Dark Horse Comics 2017
Written by Brian Wood
Illustrated by Andrea Mutti
Coloured by Lauren Affe
Lettered by Jared K. Fletcher
In 1775, Seth Abbott picked up his rifle and helped his fellow Americans win their independence. In 1794, his savant son John comes of age as the nation faces threats on multiple fronts: terror from the Barbary States, a growing danger from Britain and intense political division at home.
I was such a fan of the first arc of Rebels and what it did, the way Brian used history and people to really create a world you could relate to and how incredibly well Andrea brought that to life. Creating characters to interact with those that are well known at that time so we can get that original characterisation and not worry if the characters are behaving in the “right” way or not made the history of it all that much more interesting. So with this arc being in the world’s future with the son of Seth taking center stage it feels right. One generation passing the torch to the next as the fledgling nation continues to grow by leaps and bounds.
Here’s what I love about this the American Navy was formed during the Revolutionary War, disbanded by George Washington and then didn’t come back into being until 1794. While I have no doubt Brian did his homework here still it’s something you look at go hmm is that right and then google it and see and viola it’s right on the money. What we see here is the interpretation of those events unfolding before our eyes. So in essence it really is a history lesson using the correct catalysts proving once again that comics are both entertaining and educational. I mean i’d be much more prone to remembering this from reading comics than a history book and it’s how I learned about the Greek Gods and World War II to some extent.

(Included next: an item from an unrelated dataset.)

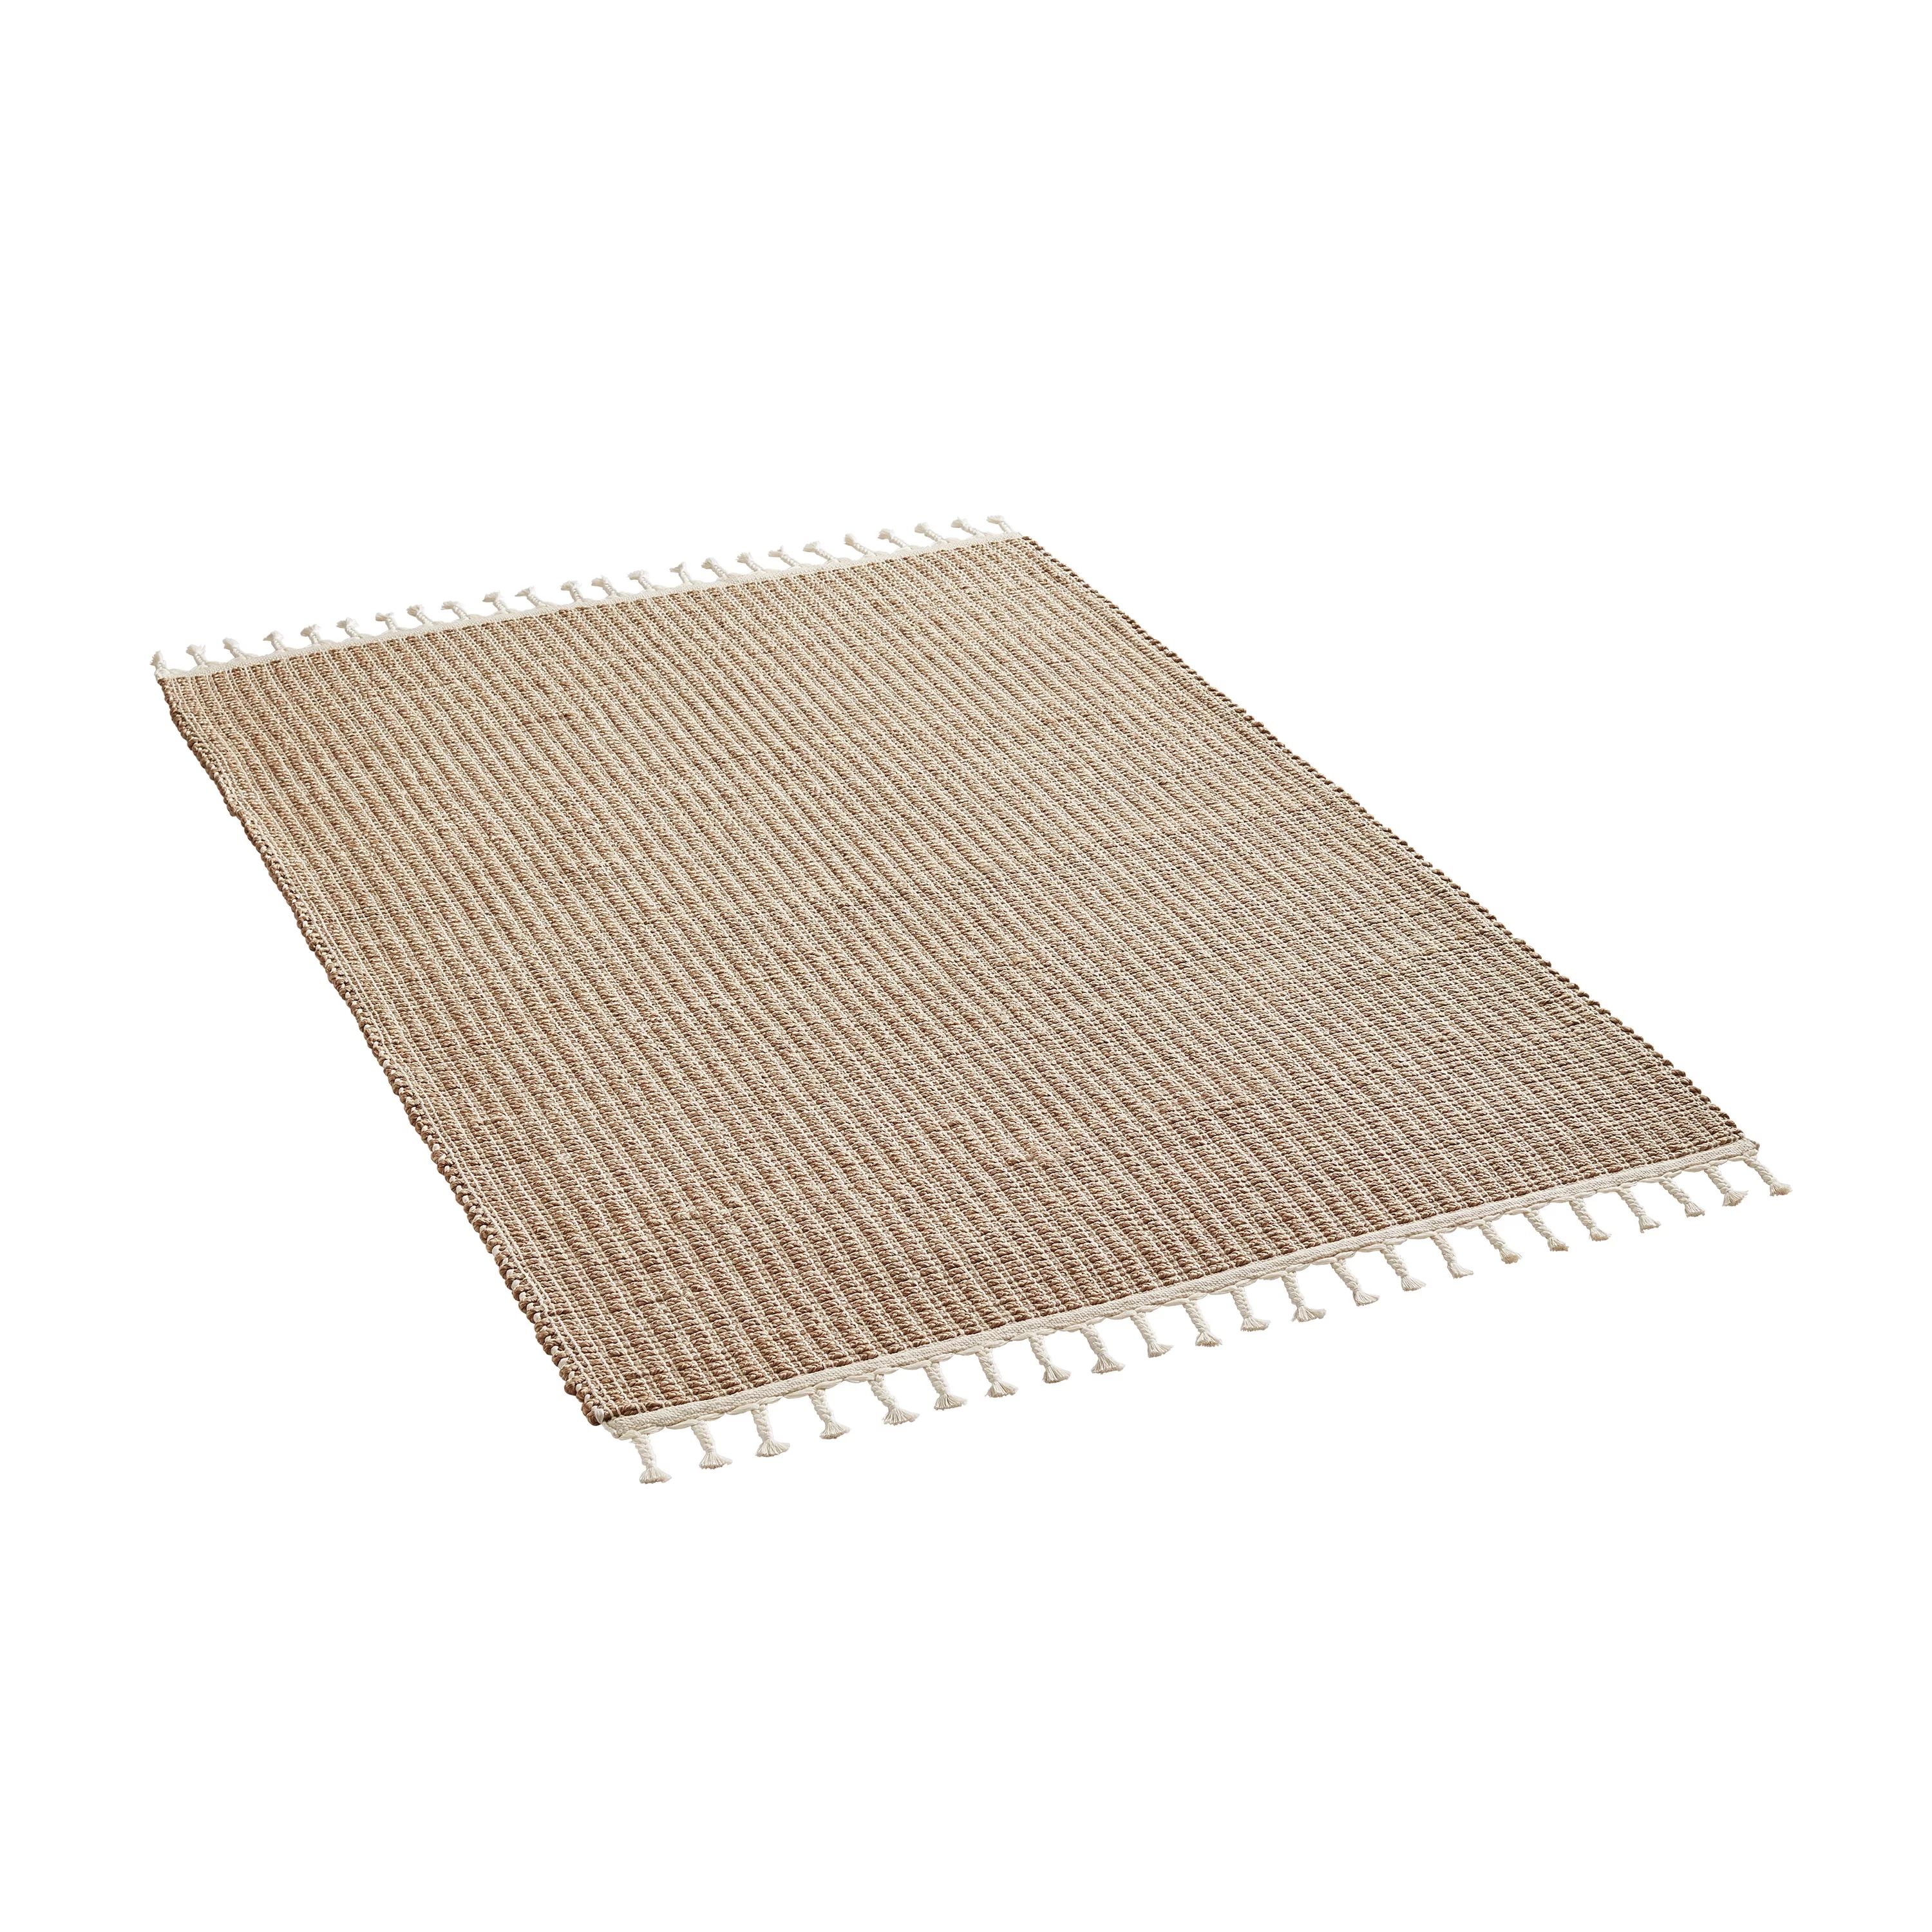 Better Homes & Gardens Ivory Natural Striped Rug by Dave & Jenny Marrs, 7x10 | Walmart (US)

The introduction of John, Seth’s son, and his peculiar gift is handled extremely well. We have a hard time today dealing with children who are savants so I can only imagine that in the 1700’s it must have been even harder when a child like that was smarter and more in tune with something than most adults could ever hope to be. It does make for interesting dialogue, premise and setting up the story arc as well as giving us room for characterisation and character growth throughout the story.
I adore the way Andrea brings us the colonial style dress and his rendition of these ancient maritime vessels. Whether he had a love of ships prior to doing this I don’t know but he certainly knows them now as is clearly evident when we see them on the pages. The attention to detail is superb and the way that the whole mood, tone and feel of what we see is amazingly well portrayed. The use of page layouts through their angles, perspective and backgrounds couldn’t be any better at controlling the flow of the story.
This is some of the finest storytelling we’re going to get in our lifetime, it’s real in that it happened and yet seen through the eyes of those created to experience it. It’s a journey of wonder at a time when it looked like the fledgling nation was still in trouble during that turbulent infancy. Plus some of the parallels to today shouldn’t go unnoticed or forgotten making it even more powerful a read.